The charged amino acids, arginine, lysine, aspartic acid, and glutamic acid, had average mutation scores near -3, with values ranging between -3.11 for arginine and -2.53 for lysine. The aromatic amino acids, phenylalanine, tryptophan, and tyrosine, had similar average mutation scores, with values of -2.74, -3.05, and -3.05, respectively. Mutations to the polar amino acids, cysteine, asparagine, glutamine, serine, and threonine, were somewhat less detrimental, with average scores between -2.16 for glutamine and -1.79 for cysteine. Cysteine was the only charged, aromatic, or polar amino acid with any favorable mutation scores, which were one for each of histidine, serine, and tryptophan. The nonpolar amino acids, alanine, glycine, isoleucine, leucine, methionine, proline, and valine, exhibited different behavior. As already stated, alanine and glycine were the only two amino acids with negative scores for non-mutations. The average mutation for the other amino acids was detrimental, but each of them had at least one mutation that was predicted to be either neutral (i.e., a score of zero) or beneficial. For proline, these were mutations to the other nonpolar amino acids leucine and valine. Each of the other nonpolar amino acids had a neutral or beneficial mutation to an aromatic, charged, or polar amino acid.

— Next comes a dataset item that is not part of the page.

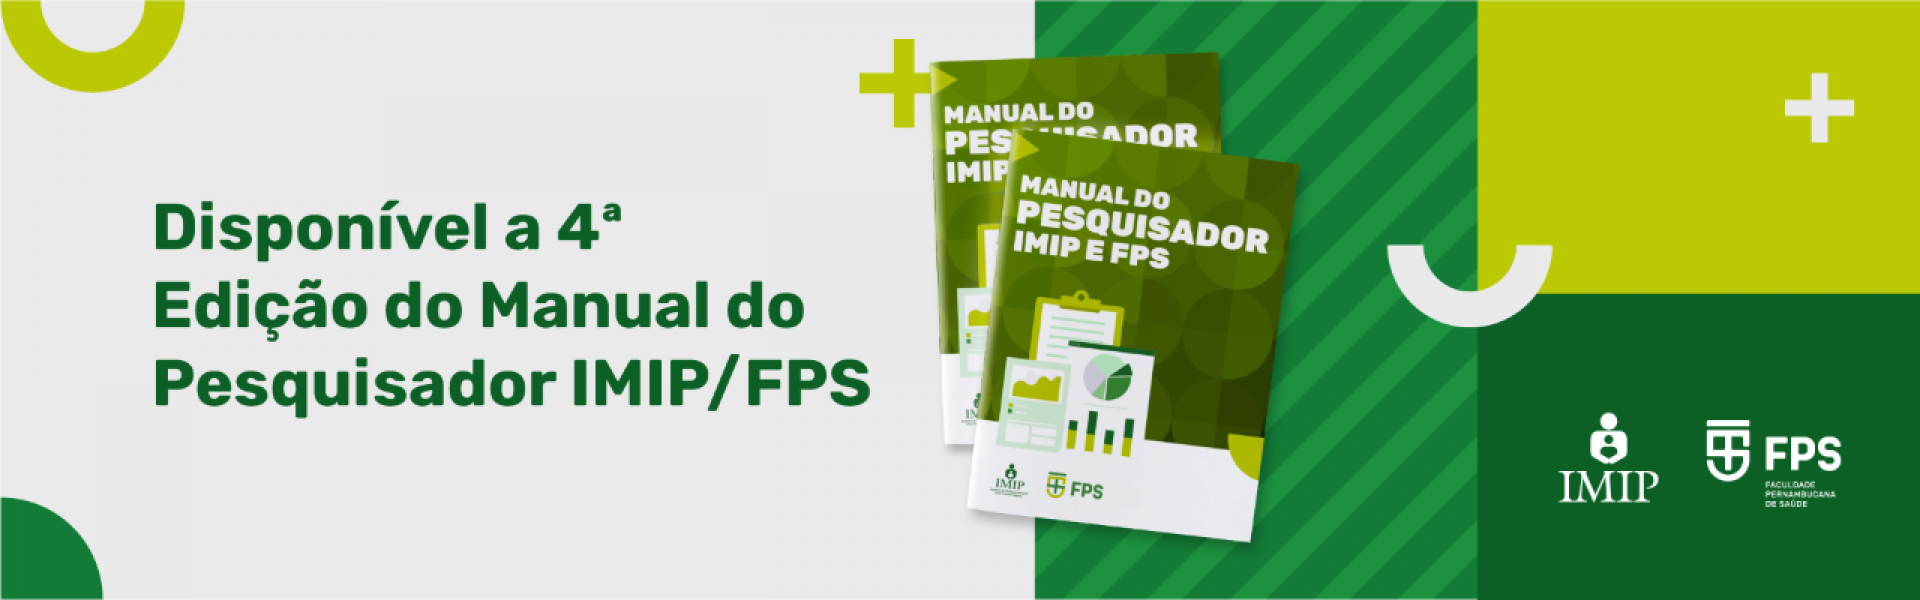 Manual do Pesquisador - IMIP e FPS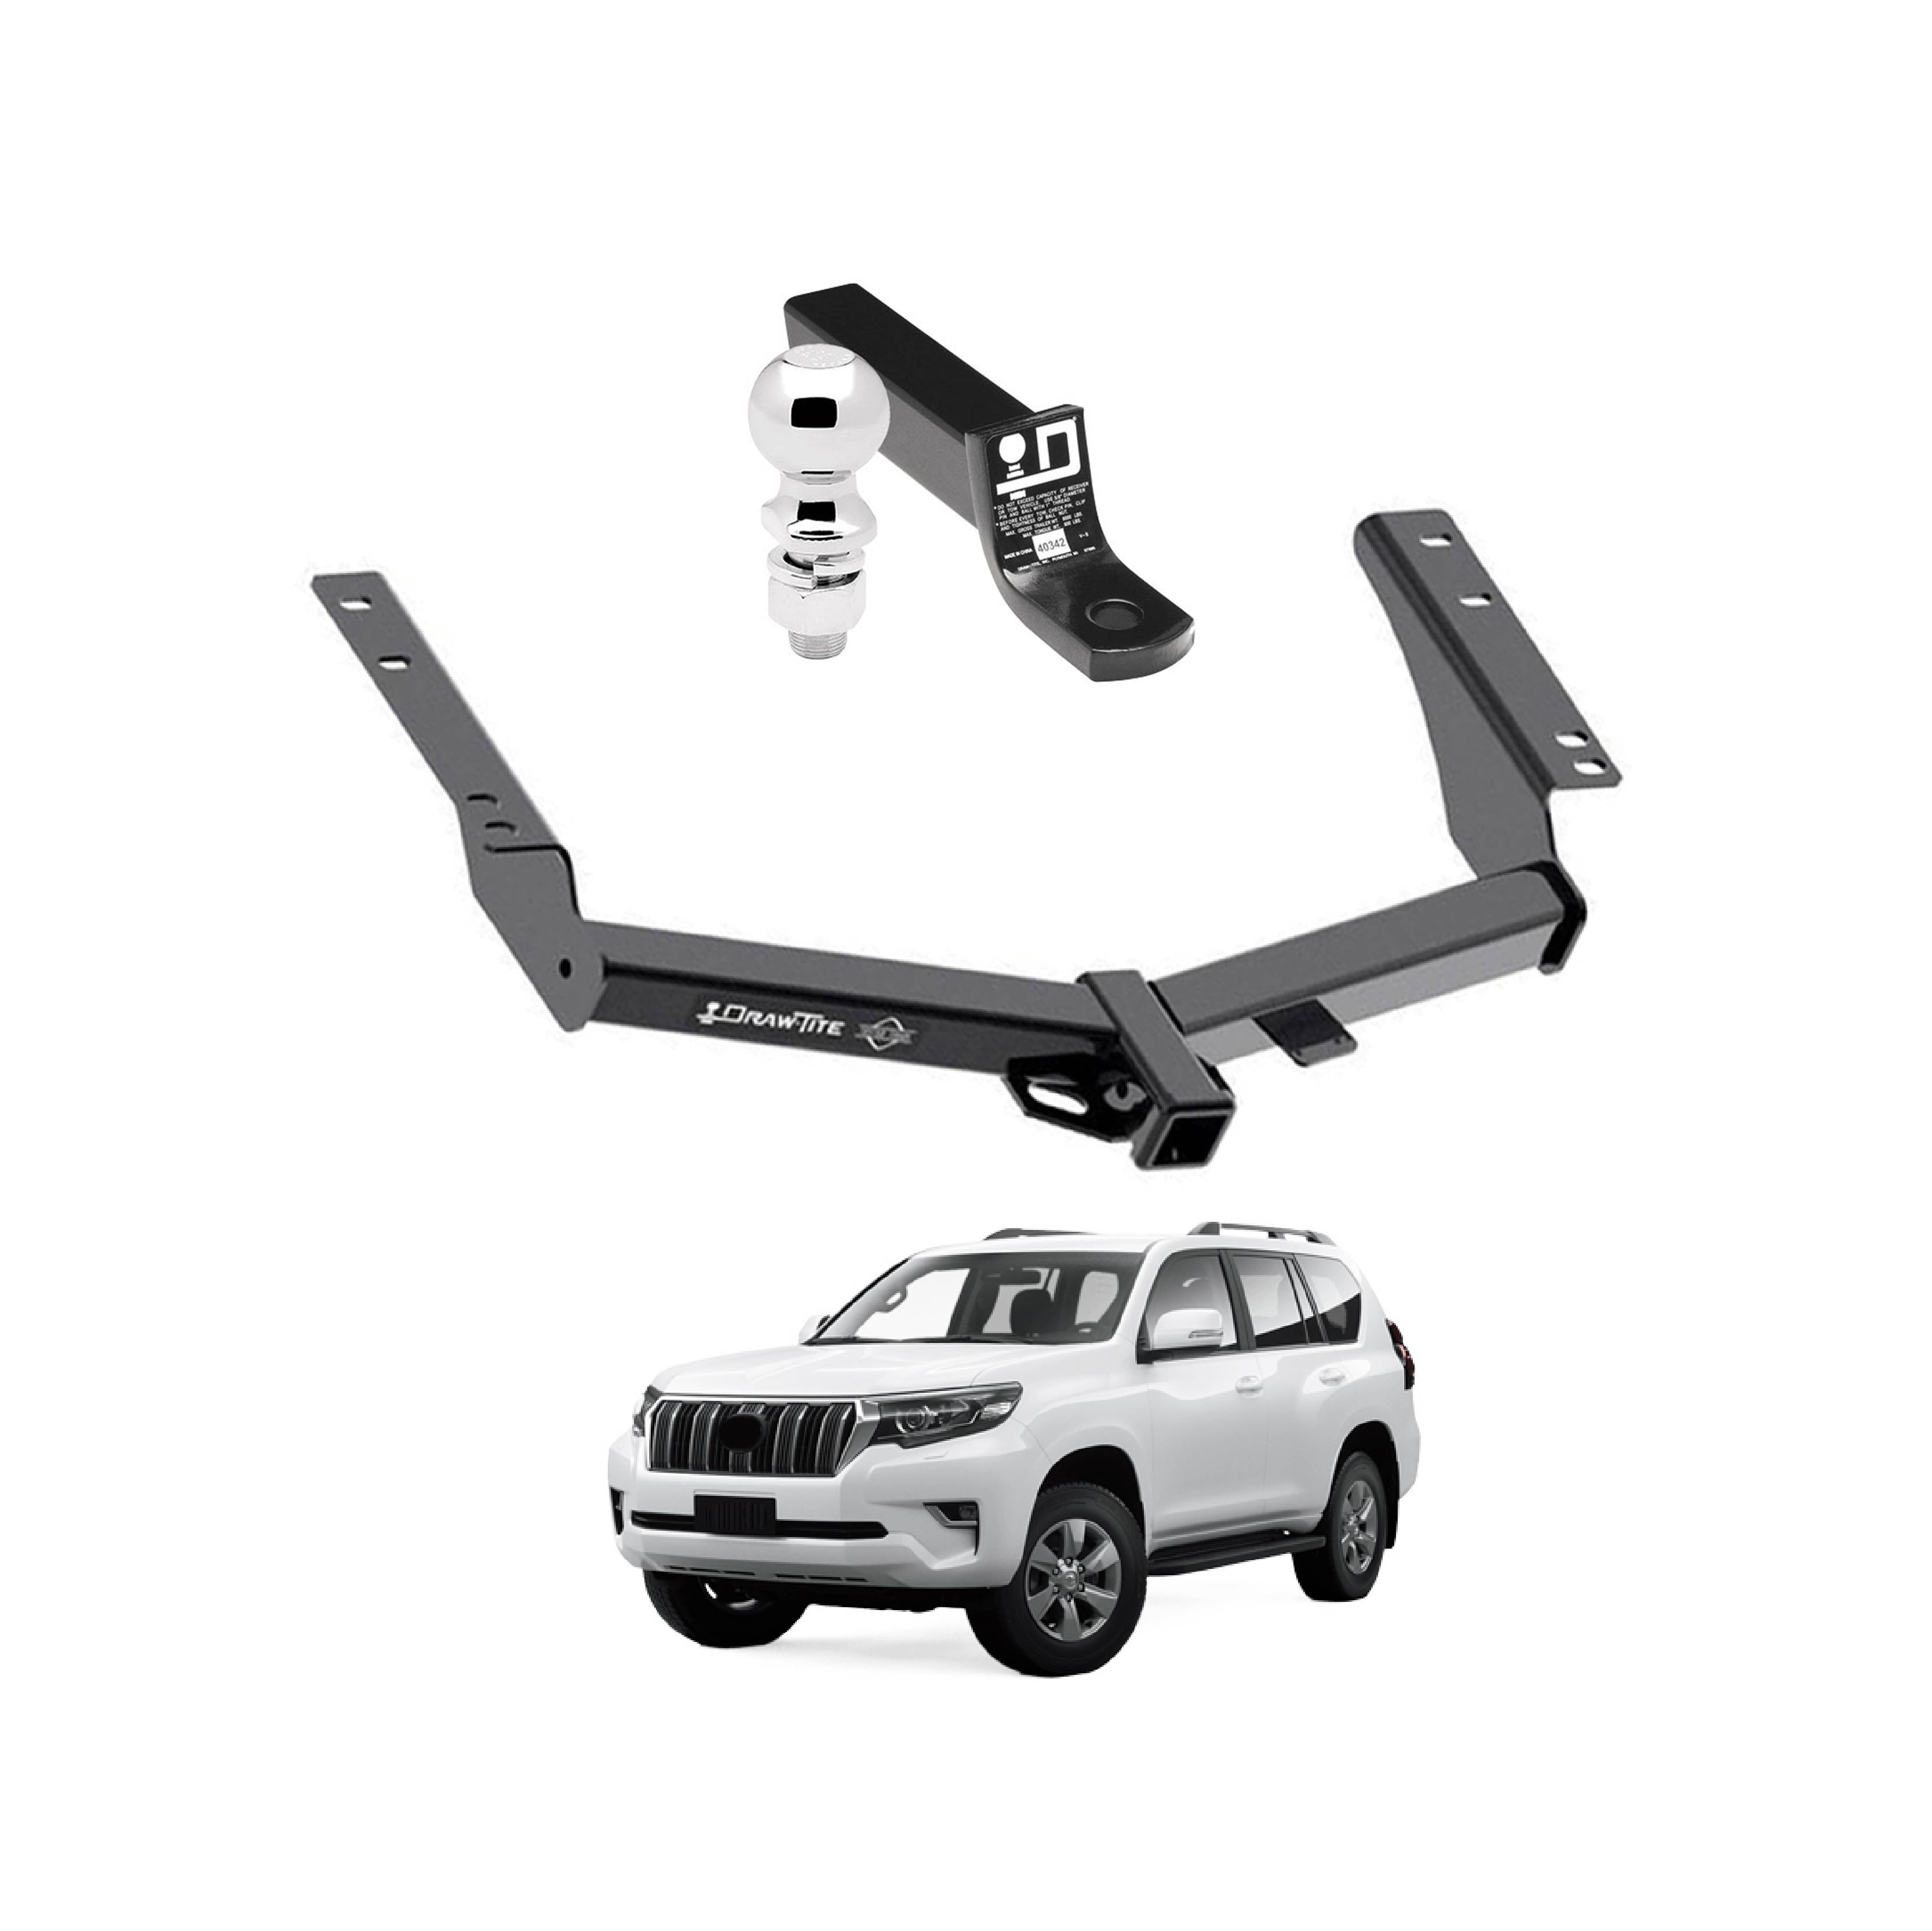 Draw Tite Towing Kit (Frame Receiver + Ball Mount) for 2014-2019 Toyota Prado

Table 3 is the similarity matrix for mutations to important antibody residues calculated using Amber. The representative values used to create the matrix are in the S1 Table. Overall, the trends of this similarity matrix are similar to those calculated by CHARMM with individual values that are a small amount more negative. A key difference is that the highest scores for all amino acids, including alanine and glycine, are for not mutating the residue. Amber predicts that mutations to charged residues are most detrimental, with the mutation of any charged amino acid to any non-charged amino acid having a score of -4. Mutations to aromatic amino acids are also consistently disfavored with all mutations having a score of -3 except for phenylalanine to glutamic acid, which has a score of -2. Continuing the similar trends from the CHARMM matrix, mutations of polar amino acids were less disfavored than those of charged or aromatic residues while being more penalized than mutations of nonpolar amino acids. Cysteine, asparagine, serine, and threonine all have average mutation scores between -3.00 for asparagine and -2.79 for cysteine and threonine, which are approximately one point more negative than predicted by CHARMM. Histidine is a small outlier among the polar residues, as it has an average mutation score of -2.16. Histidine is also the first amino acid to have any mutations that are predicted by Amber to typically be beneficial (lysine) or neutral (glutamine). As it did with the other amino acid types, Amber predicted that the typical effect of mutations of nonpolar amino acids was more detrimental than CHARMM. However, they remain the least disfavored mutations and every nonpolar amino acid except methionine has at least one mutation to a charged or polar amino acid that has a favorable score.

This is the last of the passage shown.